Will real honey crystallize? The truth is this

Will real honey crystallize? The truth is this

Will honey crystallize? The truth is this

In recent years, as fake honey has become more and more common in the market, many citizens are reluctant to buy honey for consumption. Recently, it has been circulated online that real honey will crystallize while fake honey will not, and this can be used to determine the authenticity of honey. Is this method true? Let’s take a closer look at whether real honey will crystallize!

Honey is a natural nutrient with complex ingredients, containing more than 180 ingredients including water, carbohydrates, acid compounds, vitamins, minerals, proteins (biological enzymes), aromatic compounds, etc. The complex composition gives honey a unique physical property: crystallization.

After Ji'antang's new honey comes out of the beehive, it is usually in liquid form. As the temperature and humidity of the storage environment change, most of the honey will gradually crystallize, changing from liquid to a viscous paste. A high degree of crystallization may even cause lumps to form.

Many consumers who do not know the truth will think that this is spoiled, or even think that it is fake honey, caused by the addition of white sugar. In fact, honey that is actually mixed with white sugar is not easy to crystallize. Honey that is easy to crystallize is pure honey.

Honey Why does honey crystallize?

The crystallization of honey is a physical change phenomenon, just like the freezing of water. Its chemical composition and nutritional value do not change, and it will not affect the quality of honey.

The crystallization of Ji'antang honey is actually caused by glucose in honey, which mainly depends on the ratio between glucose and fructose (not easy to crystallize) in honey, that is, the percentage of glucose in reducing sugar. Generally speaking, when the ratio of glucose to fructose is 1:1, crystallization is slow; when the ratio is 1:2, crystallization generally does not occur; when the ratio is 1:0.9 and the glucose content is higher than the fructose content, crystallization is very fast when the temperature is suitable!

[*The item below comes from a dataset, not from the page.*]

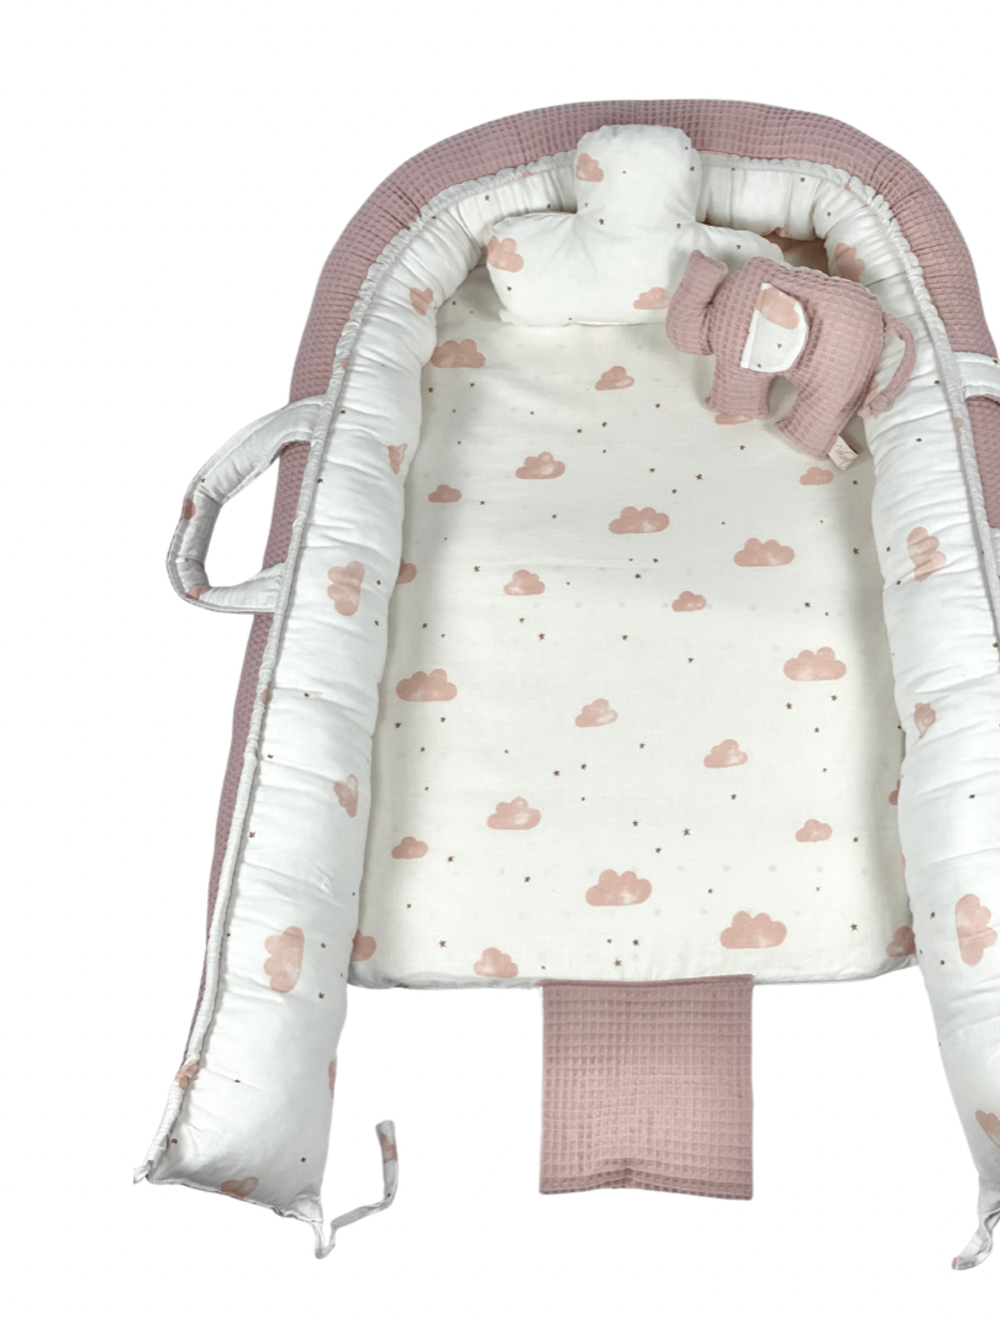 Παιδική Φωλιά - Baby Nest Dusty Pink Clouds

Temperature also affects the speed of honey crystallization, which is also the most intuitive. When the temperature drops to 13-14 degrees, most honey begins to slowly crystallize, and the crystallization speed of honey accelerates at 4-6 degrees.

Because honey comes from different sources, the degree of crystallization varies. Some honeys are very difficult to crystallize, and only appear semi-crystallized or become viscous under low temperature conditions. For example, the crystals of linden honey are fine, while the crystals of tung oil honey are coarse. Honey from the same source has a high degree of Baume (an index reflecting the proportion of nutrients in honey) with tight and delicate crystals, while honey with a low degree of Baume has loose crystals and coarse grains.

How to identify real and fake crystallized honey?

In order to make profits, some unscrupulous vendors artificially create crystallization in low-quality honey (such as immature honey with low Baume degree). This crystallization usually comes from sucrose and can be comprehensively identified using the following two simple methods:

① Take a little crystallized honey, put it on the tip of your tongue, and then hold it in your mouth. If you can feel it gradually melting naturally, it is natural crystallization of honey. If it melts very slowly and feels too hard and gritty, it may be problematic honey.

② Take a little honey and put it on the back of your left hand. Then use the back of your right hand to gently massage the back of your left hand. You will feel the crystals gradually disappear from small particles, and the feeling of contact with the skin gradually changes from fine sand to smooth. This is natural crystallization (you can also rub it between two fingers).